A chegada de Camilo (Miguel Martines), um menino órfão que acaba de perder o seu avô emprestado, transforma a vida do pescador. No cotidiano, estabelecem rapidamente uma relação de pai e filho - com direito a jogos de bola e parceria tanto na hora de comer geleia de jabuticaba, como na hora da pesca. Só que a dupla não está sozinha. Camilo sonha em ter também uma mãe - já que, como descobriremos mais adiante, ele perdeu a própria durante o seu parto. Aliás, sua mãe, Francisca (Juliana Caldas), era uma anã que, por conta de sua condição, sofria todo o tipo de preconceito na comunidade.
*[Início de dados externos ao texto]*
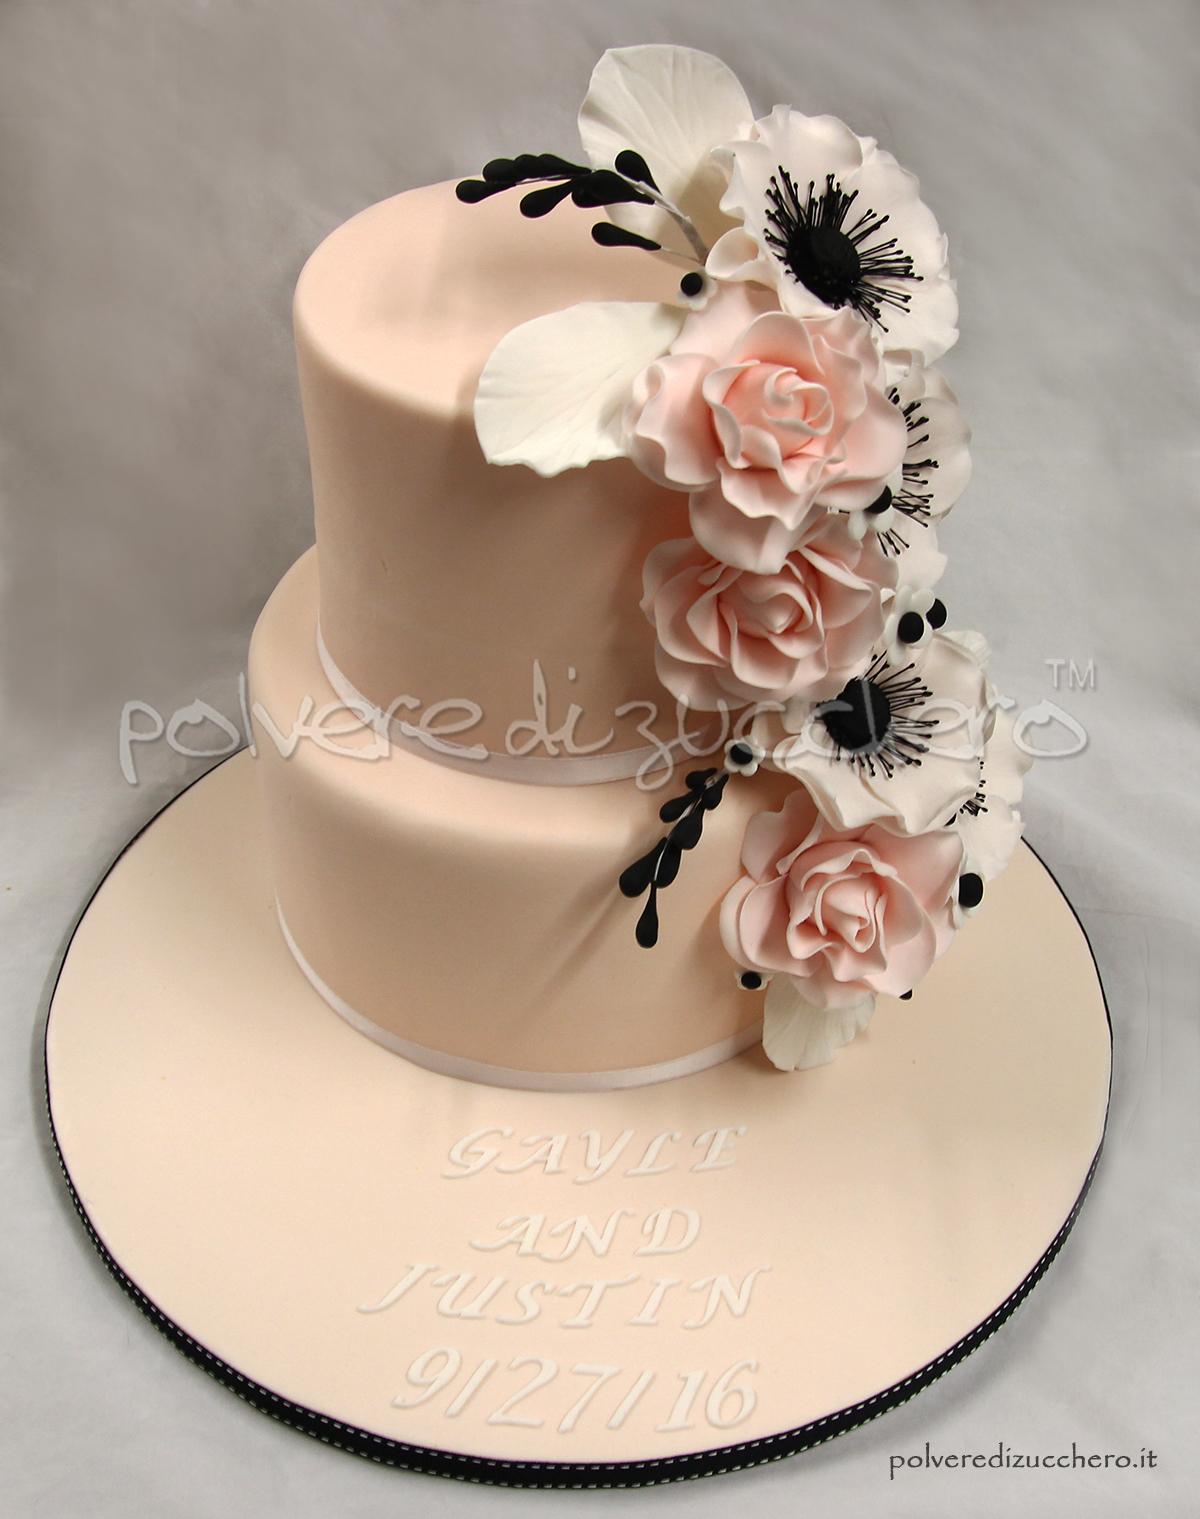 Wedding cake for Design a 2 piani

Menos dos homens, os mais diversos, com quem ela "deitava", pelo visto - o que exaspera um trio de vizinhas enxeridas, que funciona como alívio cômico. Aliás, a discriminação se espalha por toda a parte, atingindo também o jovem gay Antonino (Johnny Massaro), que é forçado a se casar com Isaura (Rebeca Jamir), num arranjo feito pela mãe extremamente religiosa do rapaz, para tentar conter o falatório na região.
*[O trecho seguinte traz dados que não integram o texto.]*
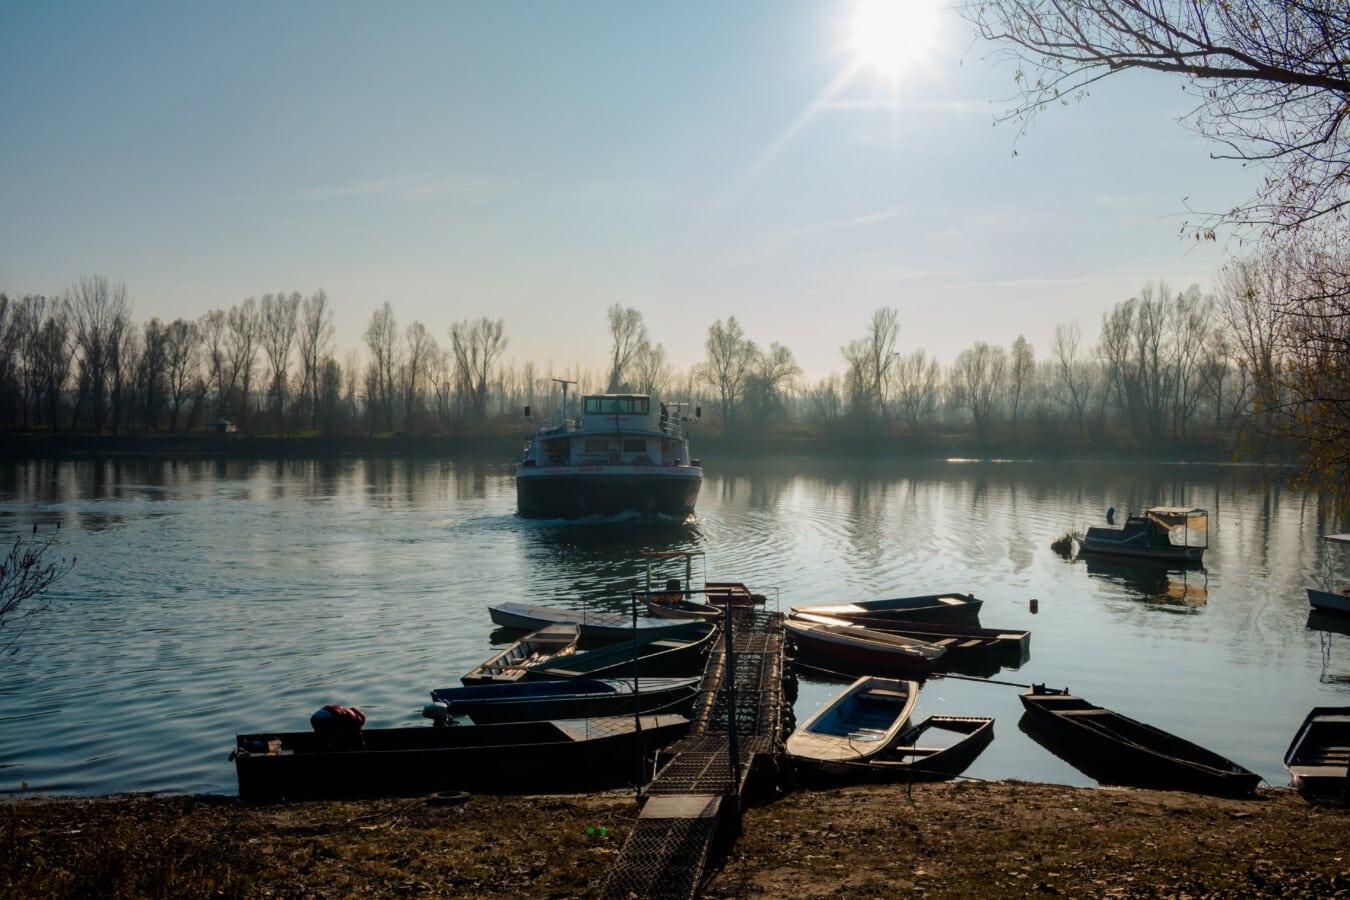 tugboat, ship, river, river boat, riverbank, shore, lake, lakeside, boat, shed

Sim, o filme salta de lá para cá e, por vezes, as histórias parecem todas meio desconectadas. Mas, mais adiante fica mais simples de compreender como a obra se converte em um elogio ao conceito atual de família escolhida - e de como podemos encontrar amor em companhia, amizade e afeto de pessoas que, não necessariamente, possuem laços de sangue conosco. Ao cabo, o quarteto central vira uma família improvisada - tida como desajustada pelos cidadãos do vilarejo. Como assim Antonino vai morar com Crisóstomo e Camilo, deixando a sua mãe verdadeira para trás? E, ainda por cima, acompanhado de Isaura? O clima de vigilância é ampliado, quando se toma por base os dogmas religiosos - o que torna ainda mais escancarado o fato de o cidadão de bem médio ter extrema dificuldade em aceitar o diferente. Aquele que não segue um padrão. [SPOILERZINHO] Crisóstomo cresce sozinho, mas alcança o objetivo de formar uma família, ao final. Aliás, as últimas sequências são daquelas de derrubar rios de lágrimas. É difícil sair ileso.